EXERCISE OBJECTIVE: Print out every line of the material exactly. Include no pictures.

SOURCE MATERIAL:
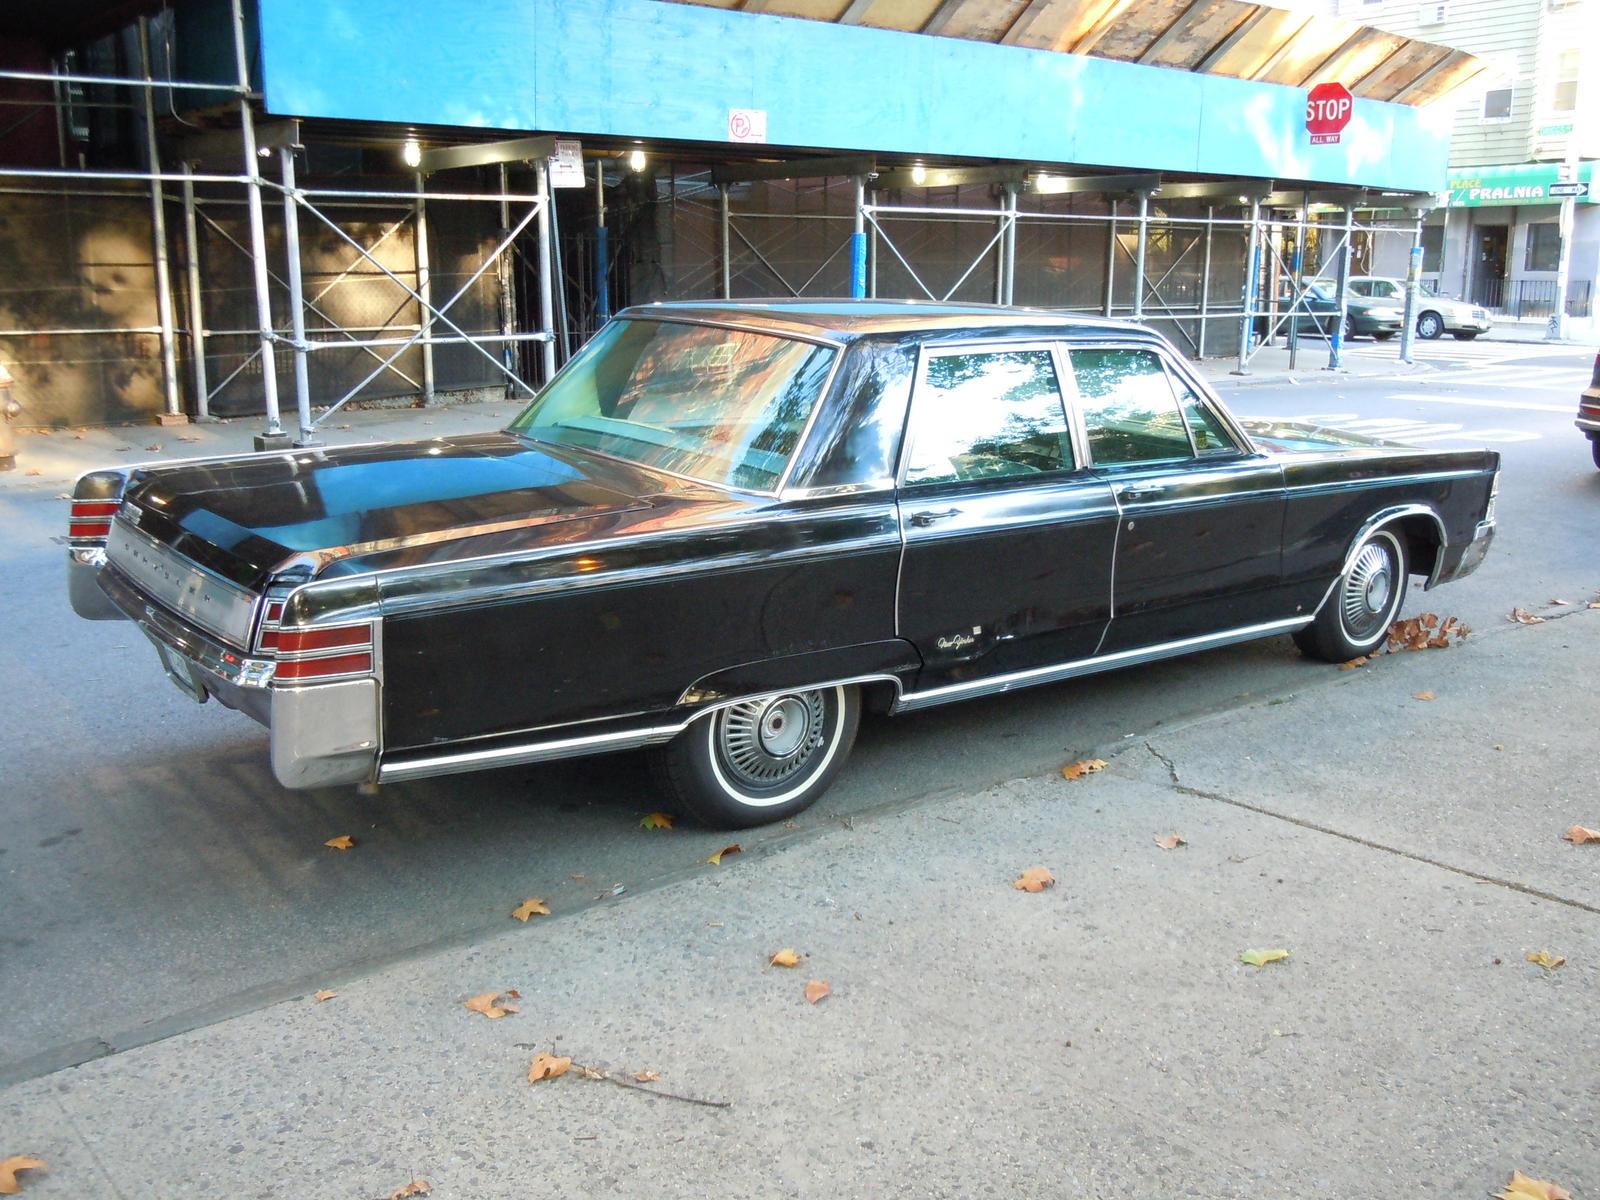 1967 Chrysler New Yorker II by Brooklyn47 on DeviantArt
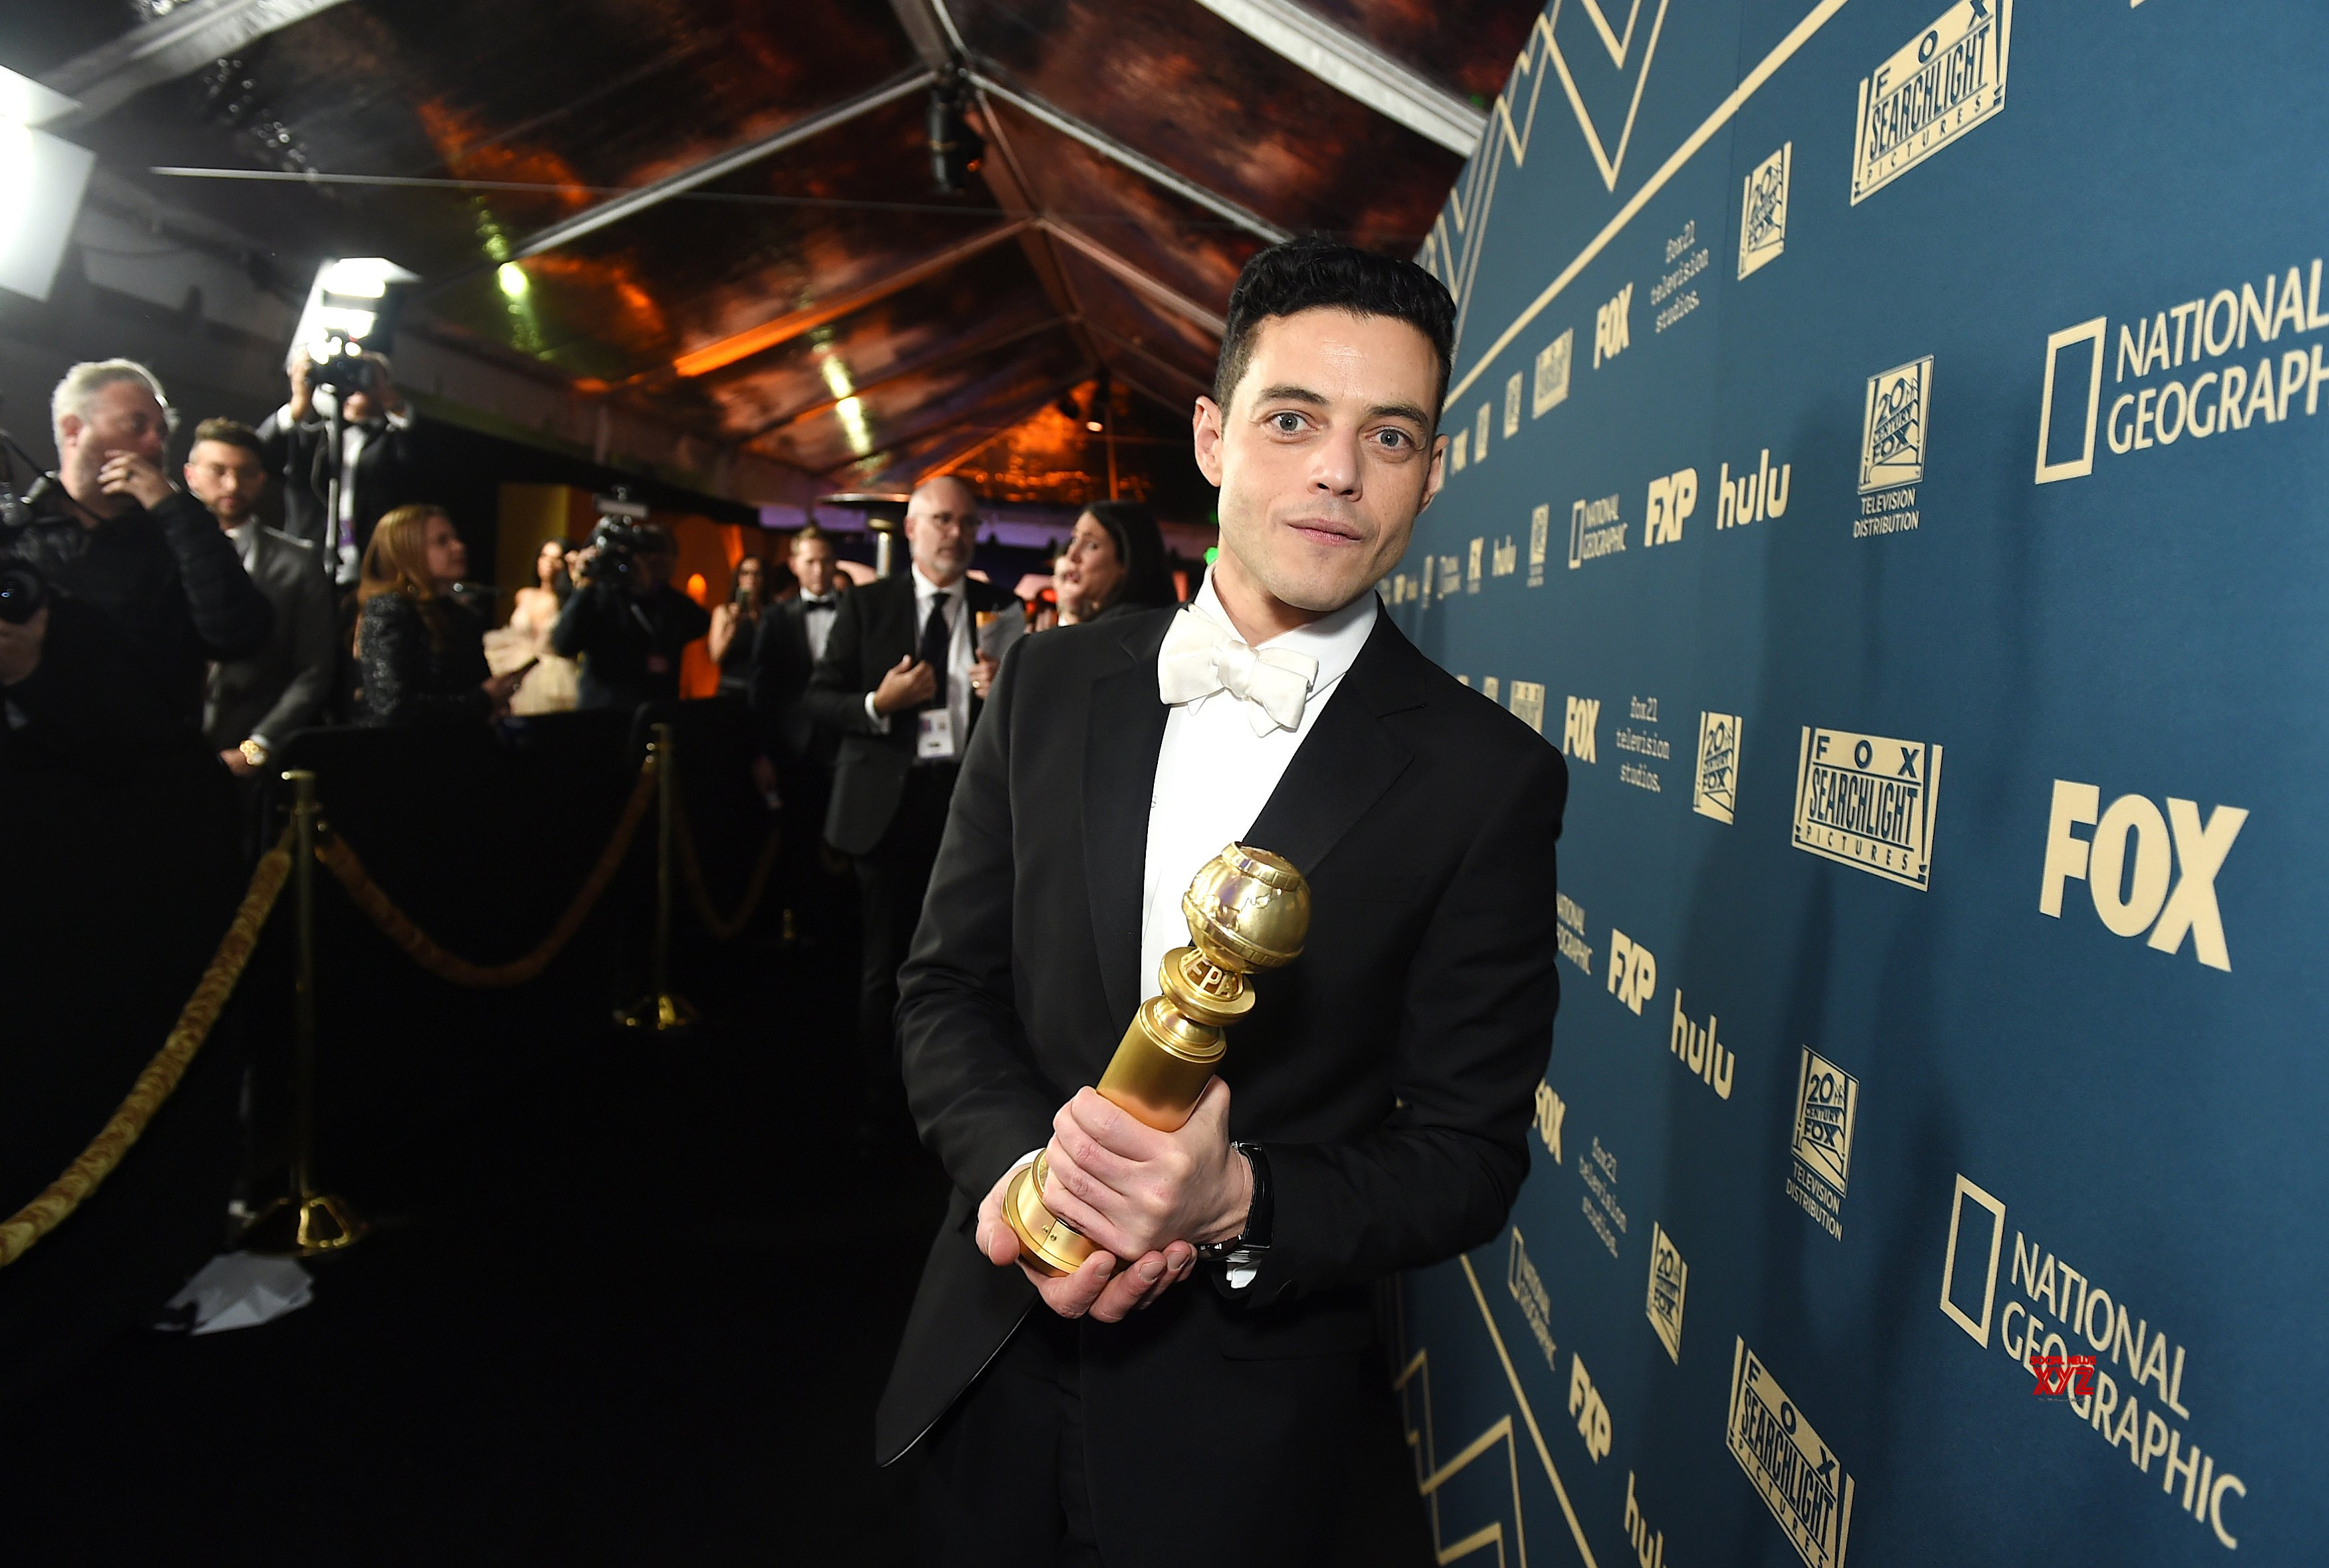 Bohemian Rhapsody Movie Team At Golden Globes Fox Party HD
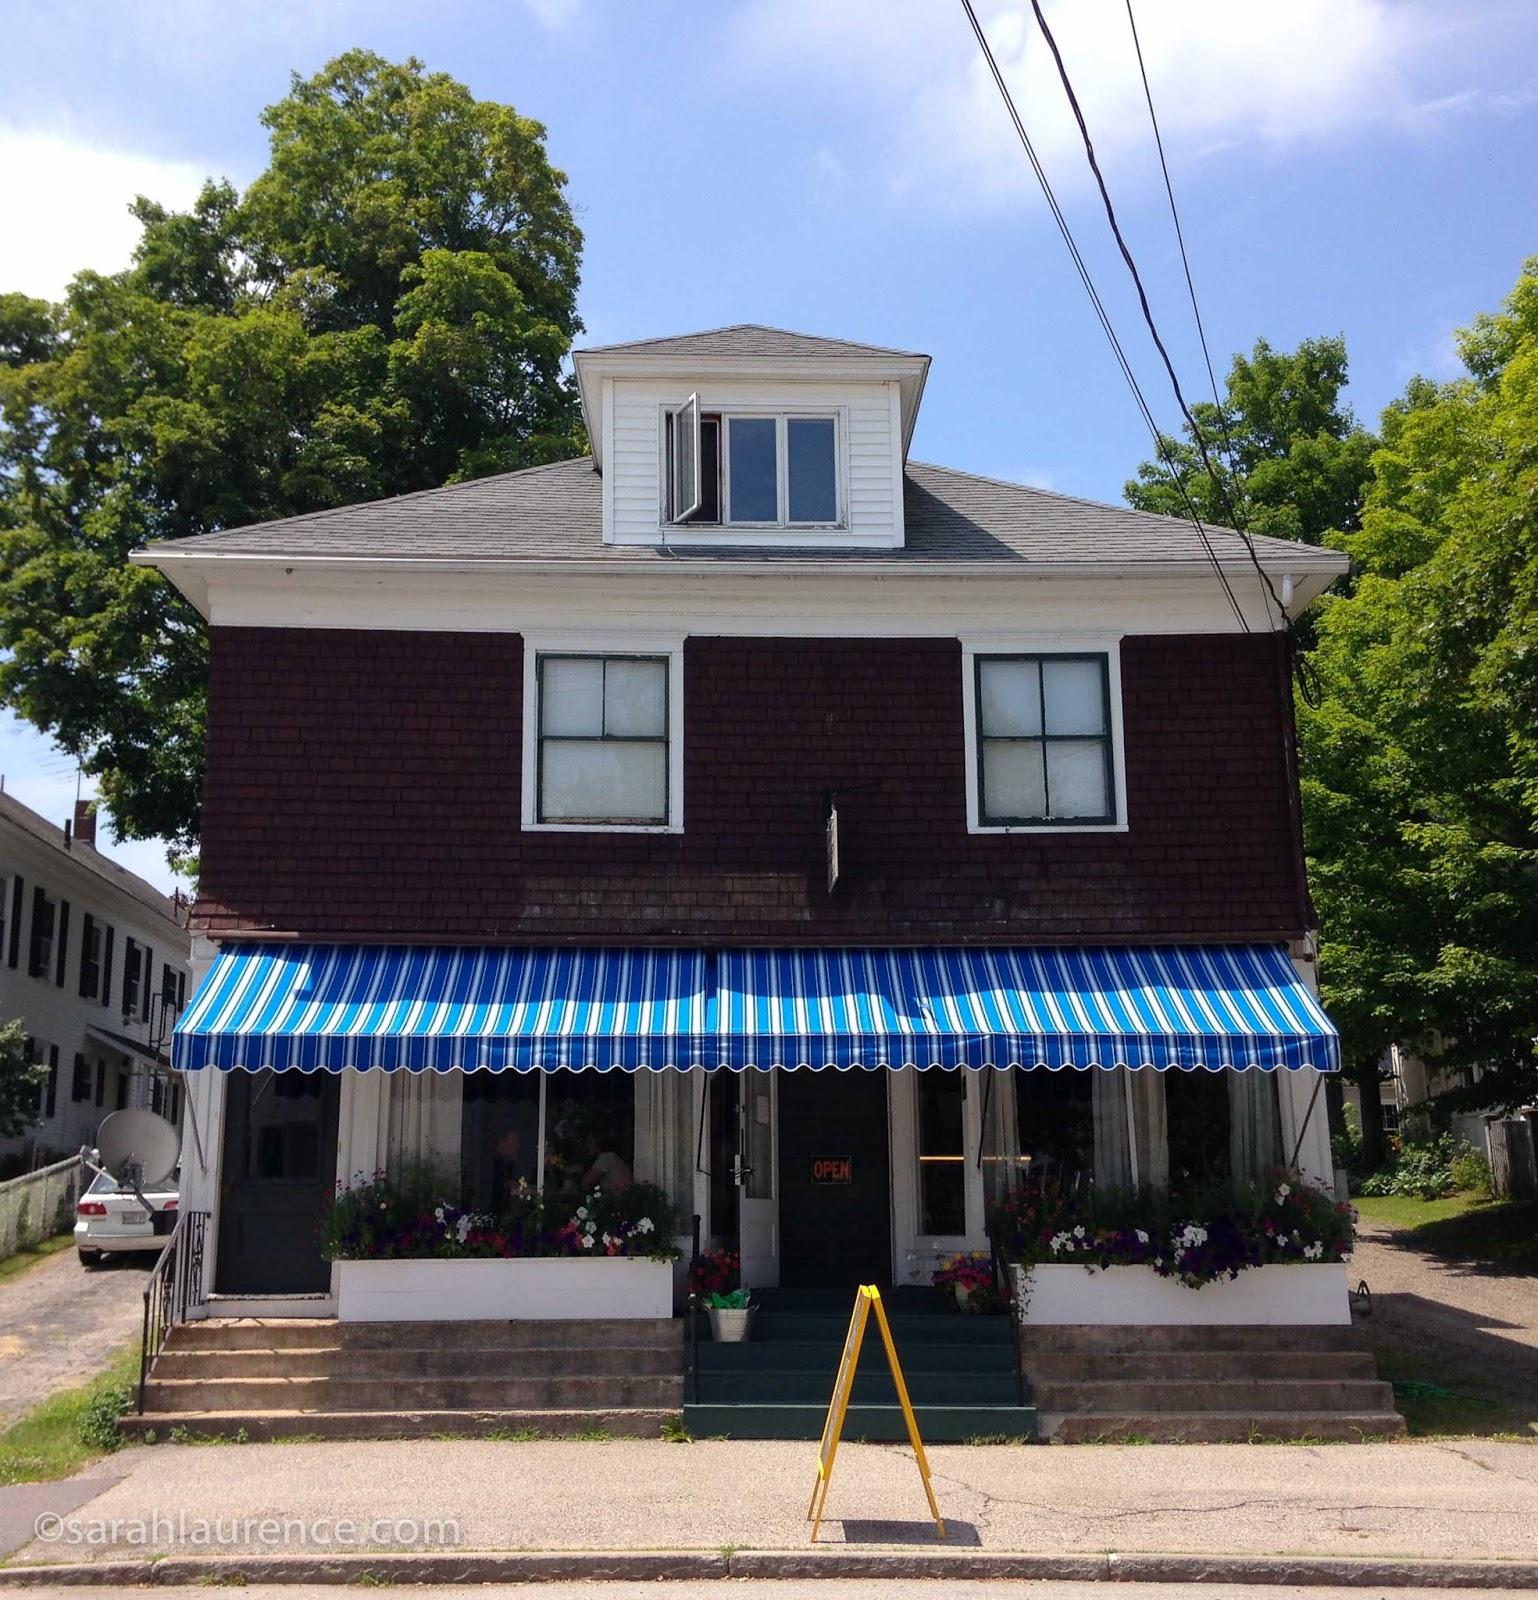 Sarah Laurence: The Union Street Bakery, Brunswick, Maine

ANSWER FOR THIS EXERCISE:
 1967 Chrysler New Yorker II by Brooklyn47 on DeviantArt
 Bohemian Rhapsody Movie Team At Golden Globes Fox Party HD
 Sarah Laurence: The Union Street Bakery, Brunswick, Maine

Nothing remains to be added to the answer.